Friday, July 23, 2021

Gunning for the next phase

Been trying for the past 3 months, yet not very intentional about it... And then the urgency probably hit me when the younger sis received a positive result last weekend.


Since then, I've been bouncing between "i don't wanna think about it and potentially stress myself / set myself up for failure" vs "come what may". I'm at the longer end of in between two periods and I seem to have symptoms pointing to positivity (anything but the morning sickness thinggy). The easiest way to find out is just to take a test right? But the innate fear of failure is preventing me from taking it. And also as long as I don't see a result, there is still hope it's a positive.


This limbo stage is so interesting. At some times, I'm googling and googling "does --- mean that I'm pregnant" or "is --- a signof pregnancy" - and essentially, it seems like any symptoms lead to chance of pregnancy - and other times, I'm convinced that my body is probably stressed or something that's why my period is delayed.
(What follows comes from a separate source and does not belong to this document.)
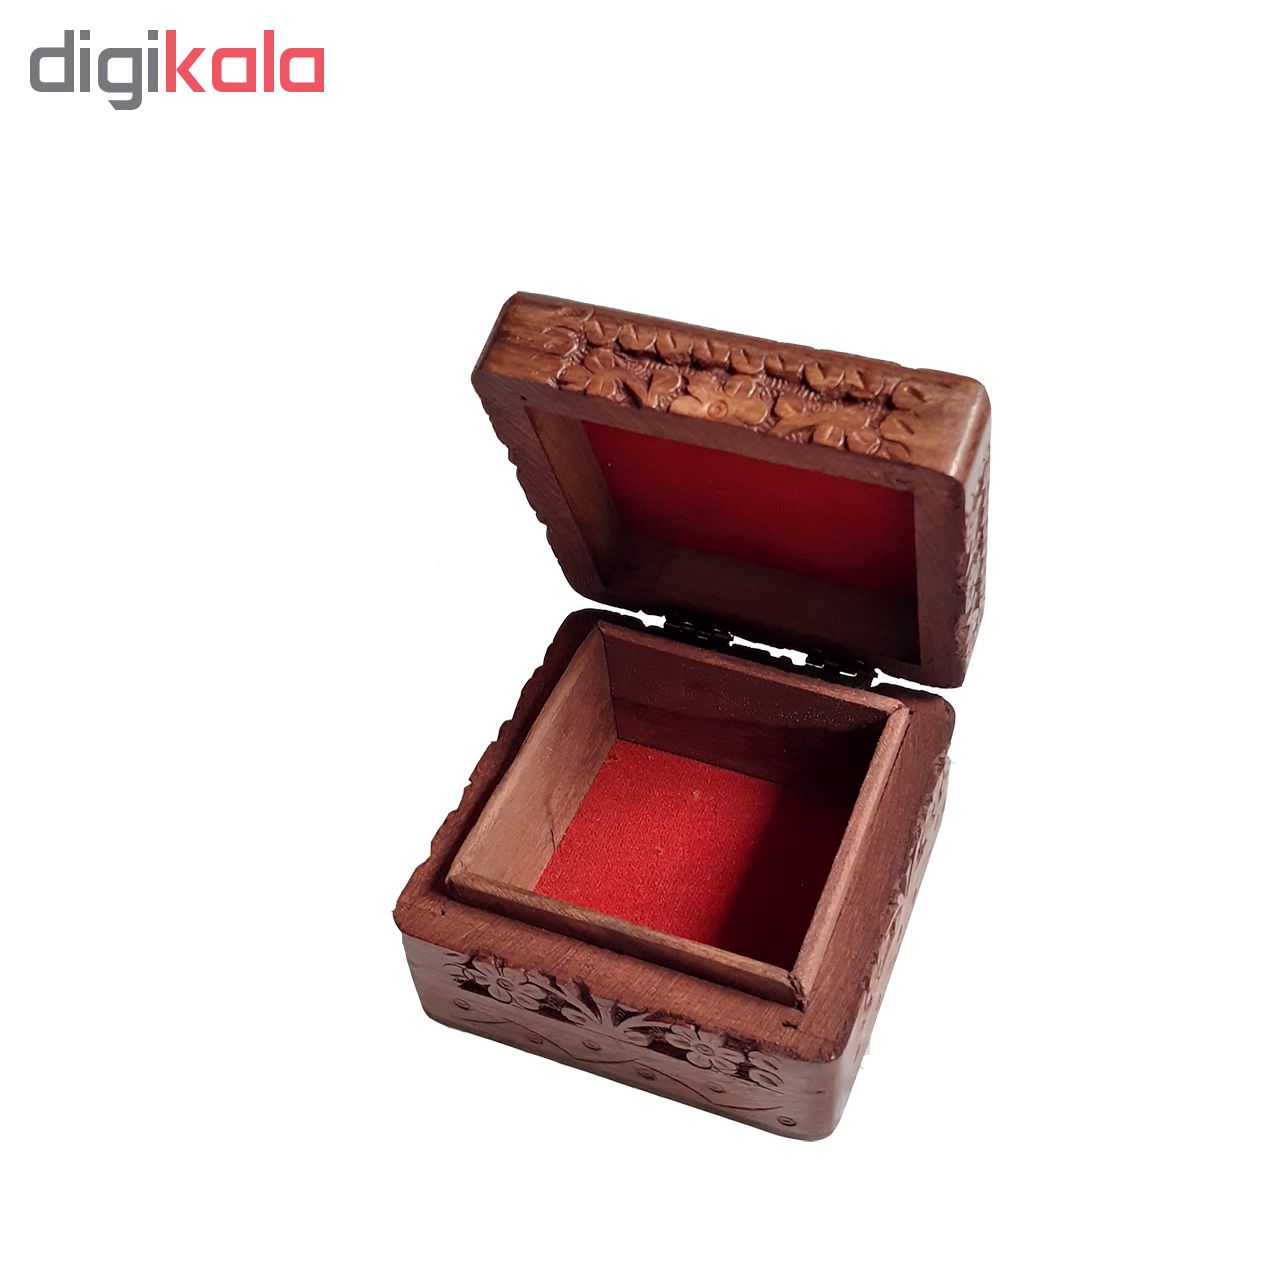 Handmade wooden carving gift box, HF-1010 MODEL
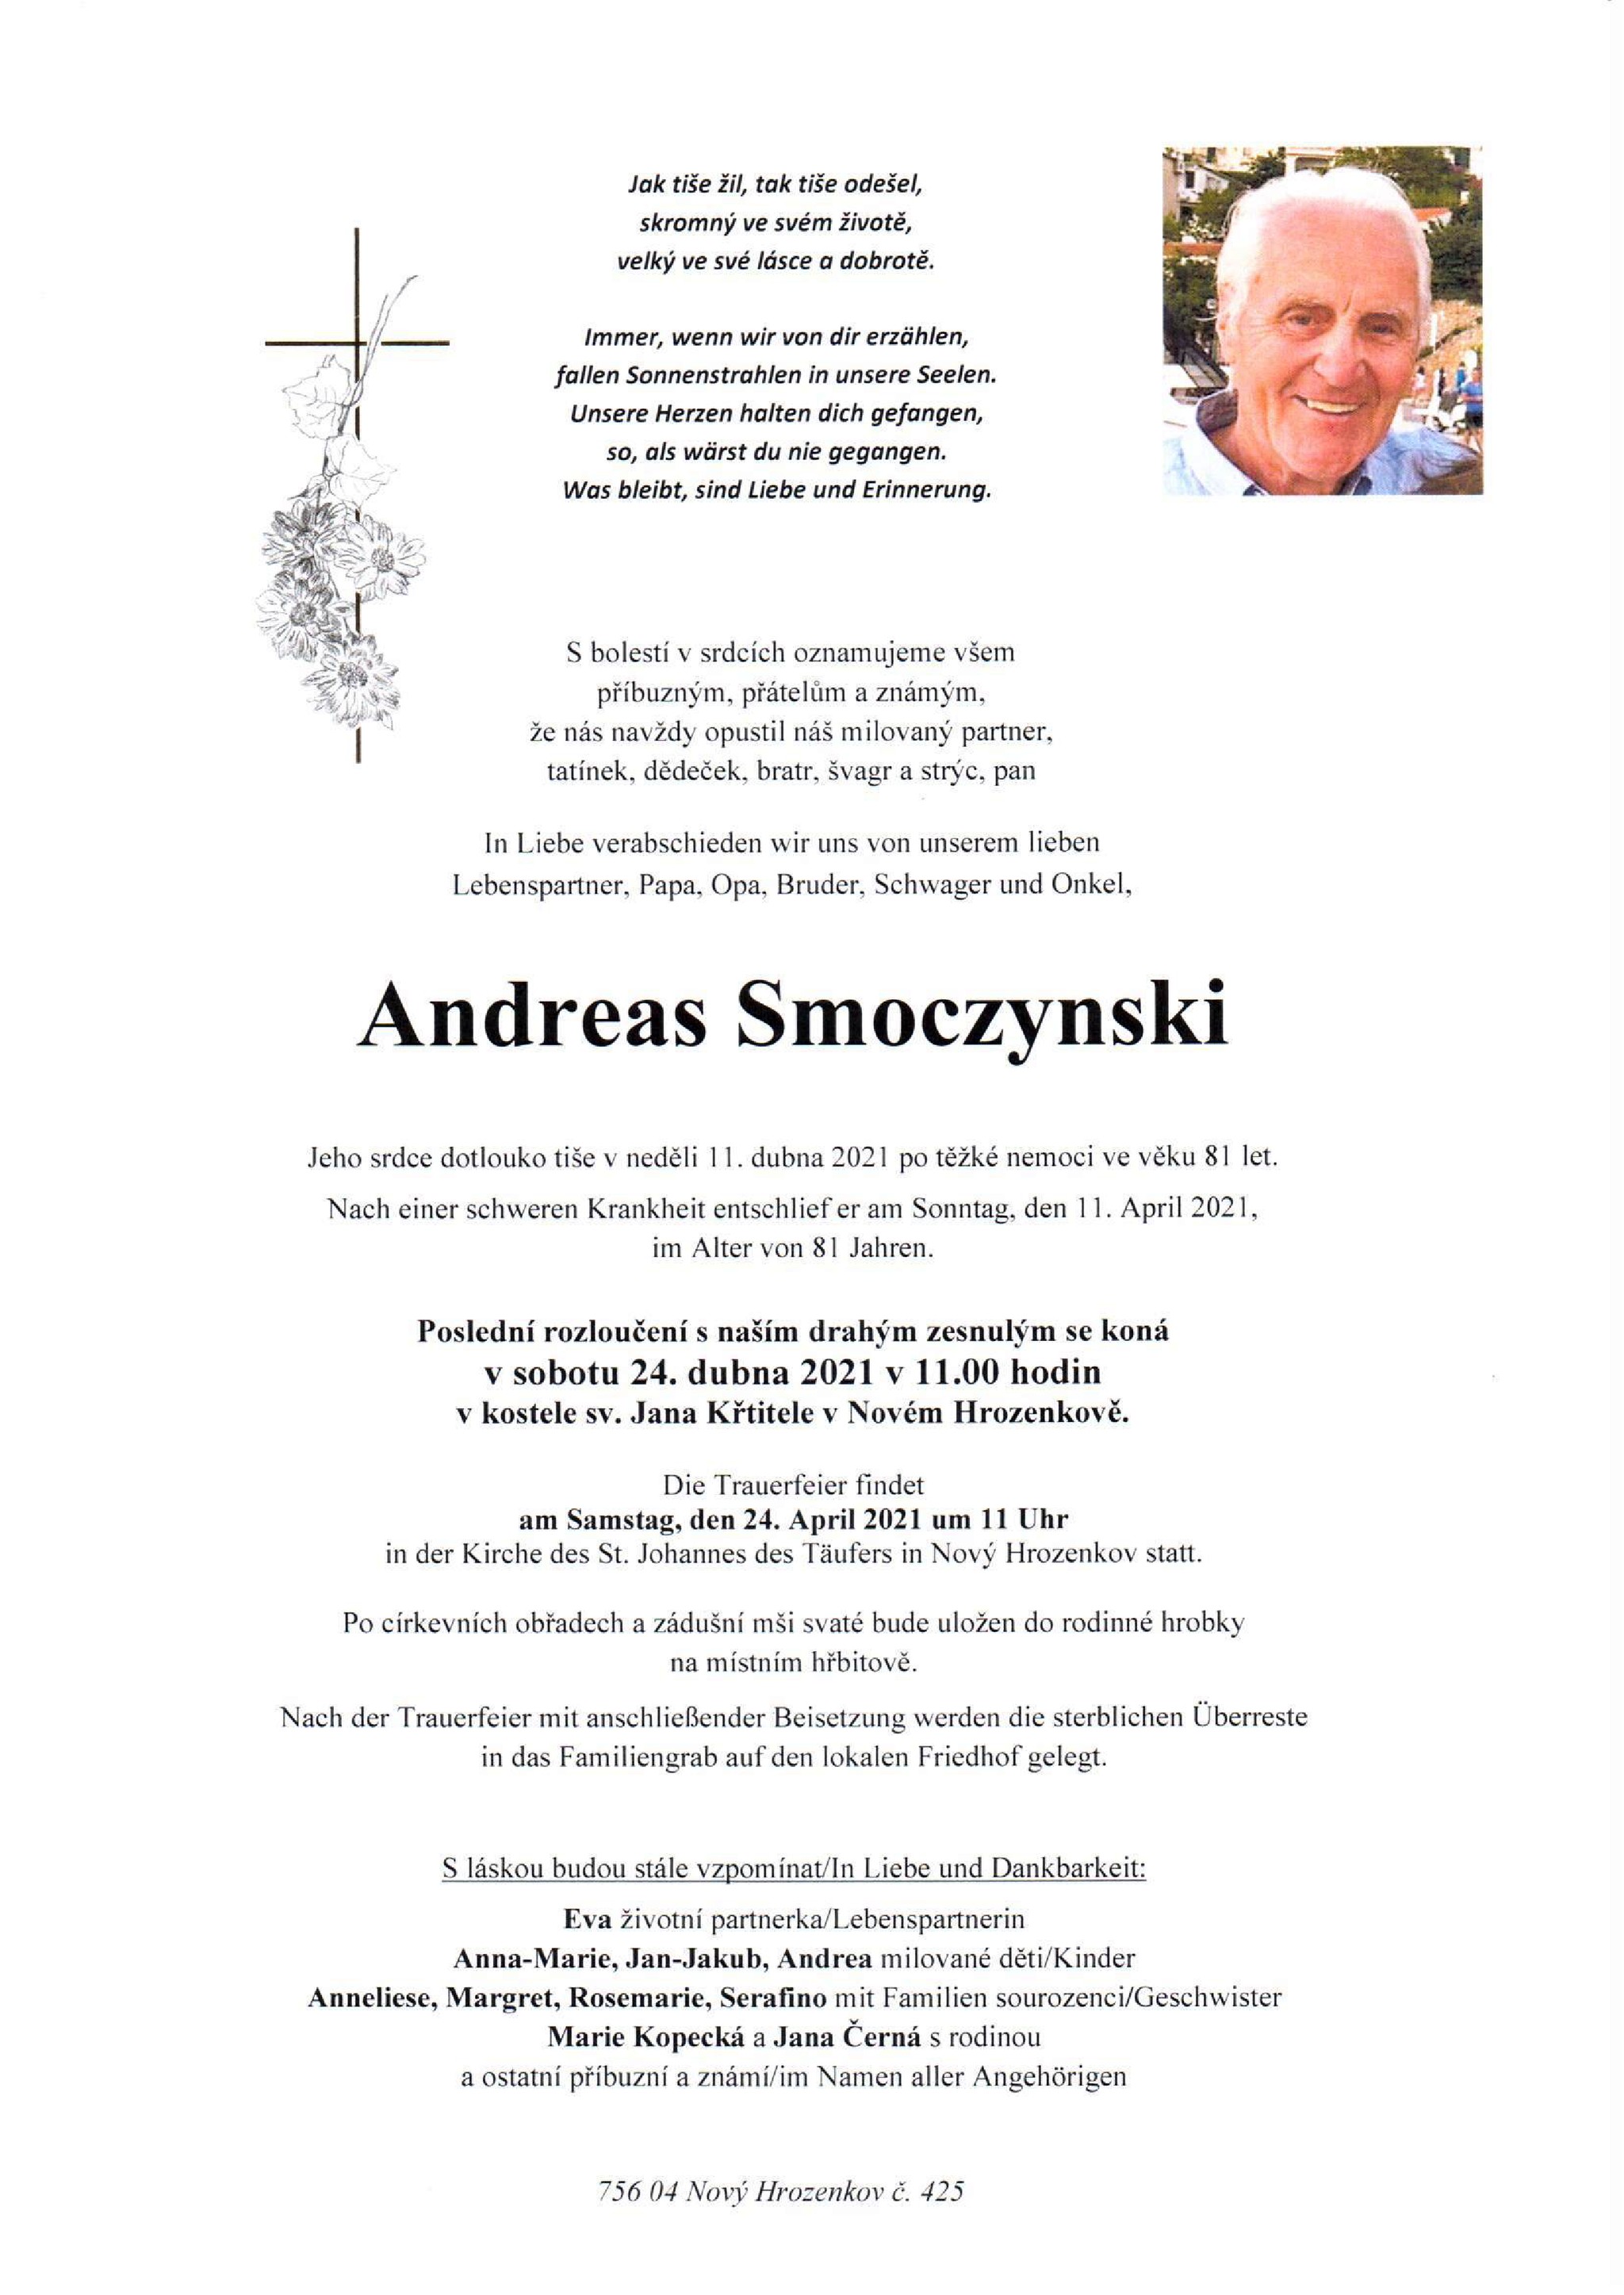 Andreas Smoczynski

I mean I just played tennis this evening, quite a good session in fact =D , how could I have something growing inside of me.


The plan was to wait for the weekends to test. But i've just boiled some water now, waiting for it to cool... Should I just gulp some water and do the test tonight? I've already taken the first (big) step of purchasing the kit. 


//edit: oh wait. A negative result does NOT mean failure. Me repeating that throughout the week didn't ingrain properly lol.